Where did these gender assignments come from?

AmaterasuWhile many historical cultures assigned gods and goddesses to the planets, the gender of the planetary deities is far from uniform. The Norse Sun deity, Sunna or Sol, was feminine, as is the Sun deity in Japan, Amaterasu. In the German language, it is still common to refer to the luminaries as Frau Sunne and Herr Mond. In the Vedic tradition, all of the planetary deities are masculine.

The gender of the planets in the Modern Western system has been passed down to us in the seminal ancient astrological textbook, the Tetrobiblios and seems to be derived from the gender of the corresponding god or goddess in the Greco-Roman pantheon.

A Problematic System

I think that this planetary gender assignment is problematic in terms of its influence on popular culture with respect to ideas and beliefs about femininity, and about masculinity, for that matter. I do not think it adds much, if anything, to astrology on a practical level.

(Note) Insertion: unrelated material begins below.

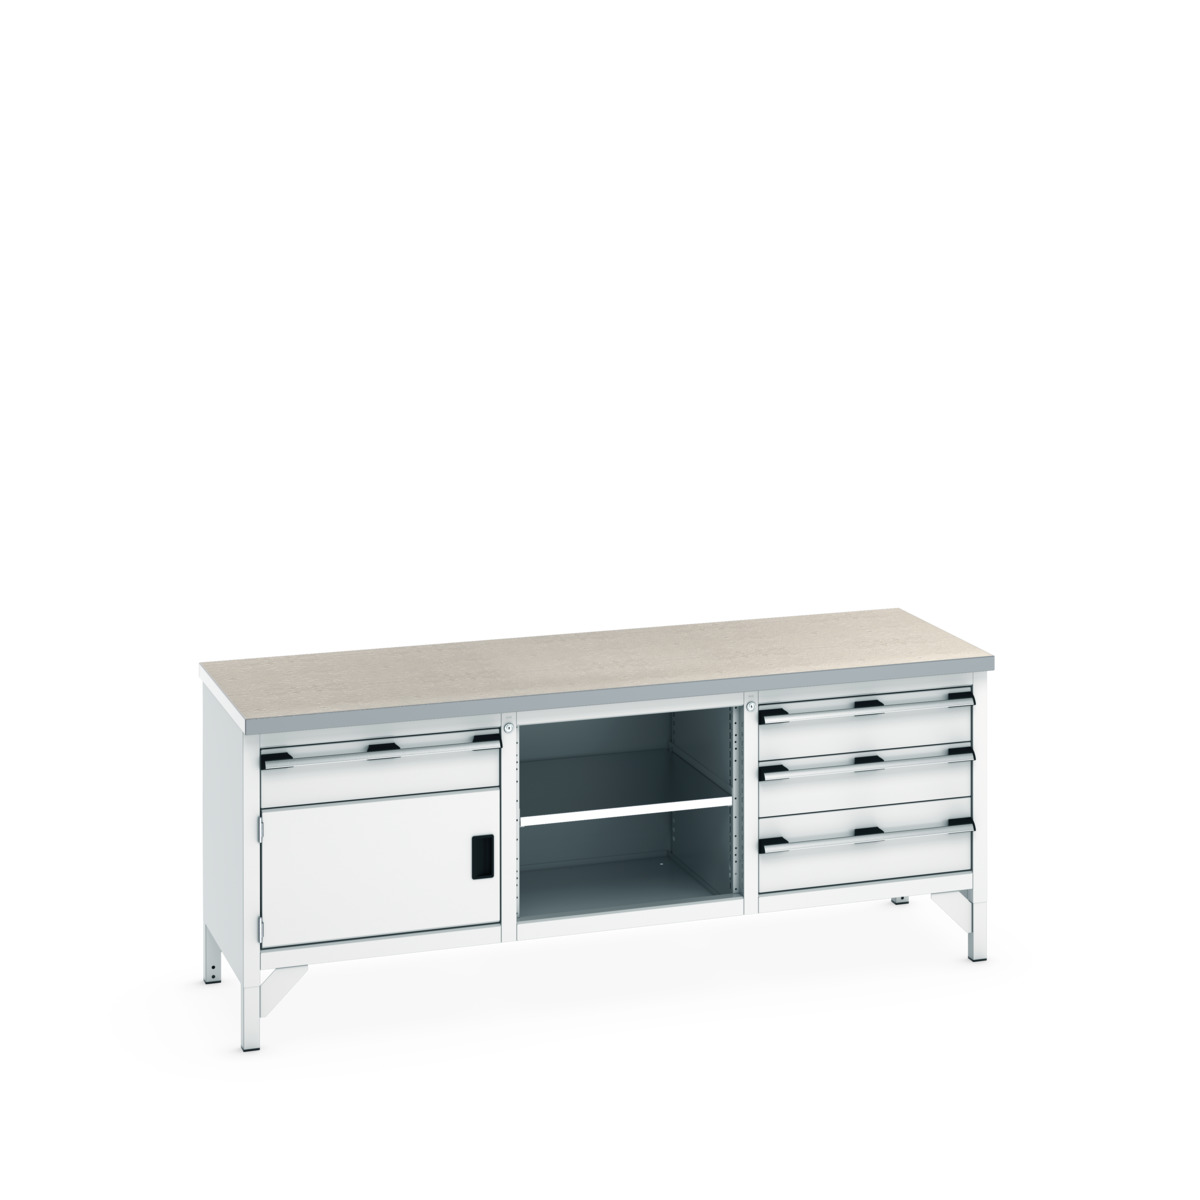 41002060.16V - cubio storage bench (lino)

One of the first things that one notices is that the planetary gender assignments are not even. There are 4 masculine planets, the Sun, Mars, Jupiter, and Saturn, with only 2 feminine planets, the Moon and Venus.  Furthermore, the dominant luminary is assigned to the masculine gender and the subordinate luminary to the feminine gender. This is clearly a system heavily influenced by patriarchy, which is understandable, as Greco-Roman culture was highly patriarchal.

I think that there is an even deeper problem, however, in that it codifies very rigid gender roles that are present to this very day. Not even ardent feminists question the gender assignment of the luminaries. Instead, many of them seem to try to elevate the Moon over the Sun, which is a much greater upset to astrology and metaphysics.

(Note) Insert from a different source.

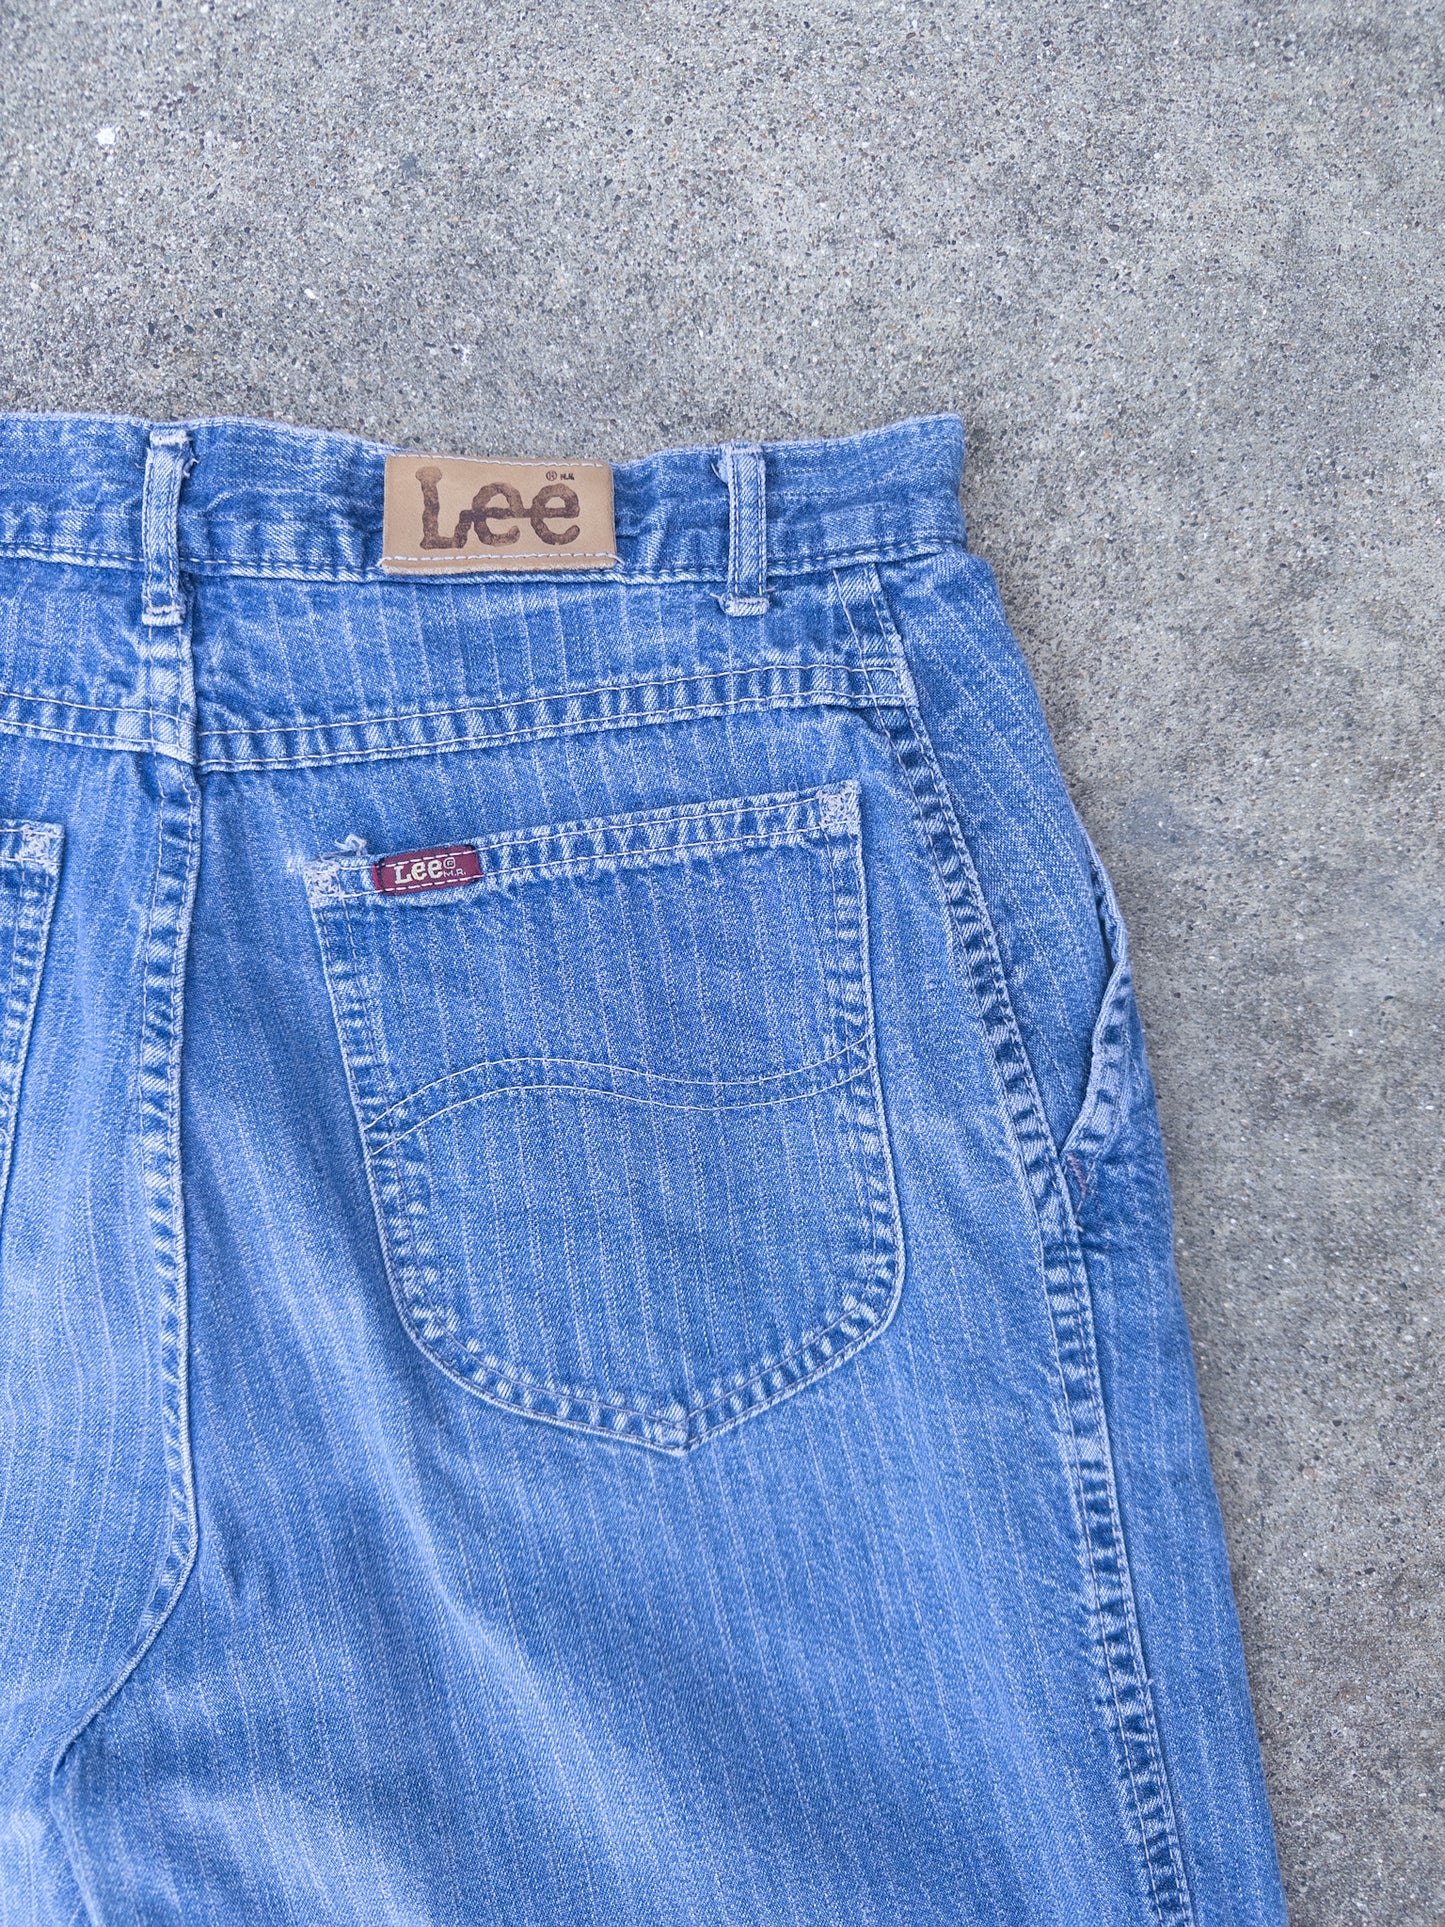 Vintage 90s Lee Riders Rail Road Strip Jeans

The truth of the matter is that all people, regardless of gender, have all of the seven traditional planets in their chart and in their psyche. There is no way to tell a person’s gender from her Nativity Chart. An astrologer may argue that the planetary gender is mere symbolism and that the symbolism does not apply to actual human gender. Perhaps that may be the perception of an experienced astrologer, but the symbolism most certainly influences lay perception of human gender, and I sincerely doubt that even experienced astrologers are immune.

20180518_173853The current system limits the feminine to the Moon and Venus. Even though Mercury is both masculine and feminine, popular imagery almost always uses a masculine form for Mercury. By the same token, this separates the Lunar and the Venusian from the masculine. One may say that everyone has both masculine and feminine parts, and this is sometimes taken as a truism in modern psychology. I do not believe this to be the case, however, and if there is any truth to it, I do not think it applies to the planets in our charts.

In all of the years that I have practiced astrology and studied my own Nativity Chart, I have never seen any of the planets in my chart as masculine, not even my Mars in Aries. When I personify my Arian Mars, I think of her as Helga the Viking. I do not think that when I am interpreting the chart of a man that his Moon or Venus represent his supposed feminine parts. I think that a man will express his Moon and Venus in a masculine manner, just as I express my Mars in Aries in a feminine manner.

A Proposed Solution

I am a Traditionalist, and for the most part, I believe that traditions, particularly long established ones, should be preserved. On the other hand, I do believe that it is sometimes necessary to adapt traditions to the Modern Age, and that it is often advisable to adapt traditions that are clearly rooted in patriarchy.

As a Filianist, I use feminine language and imagery for God or Dea, and I also use feminine language and imagery for the Janyati, the great angels or Divine Sources behind the Planetary Principles. This is because Filianists do not see the Janyati as separate from Dea, but as the seven main aspects of Her. I would imagine that this is the reason that the planetary deities in the Vedic tradition are all masculine. In the same way, the Judeo-Christian traditions assign each of the planets a masculine Archangel.

I think that planetary powers are actually beyond human gender, the luminaries in particular. I think that the physical planets are as well. One of the difficulties is that English has no neuter pronoun for humans or for Divine powers, so without gender, it is hard not to see the planets as remote or mechanical. For this reason, I think it makes sense to use all feminine language and imagery or all masculine language and imagery. This emphasizes the full range of planetary expression to both genders.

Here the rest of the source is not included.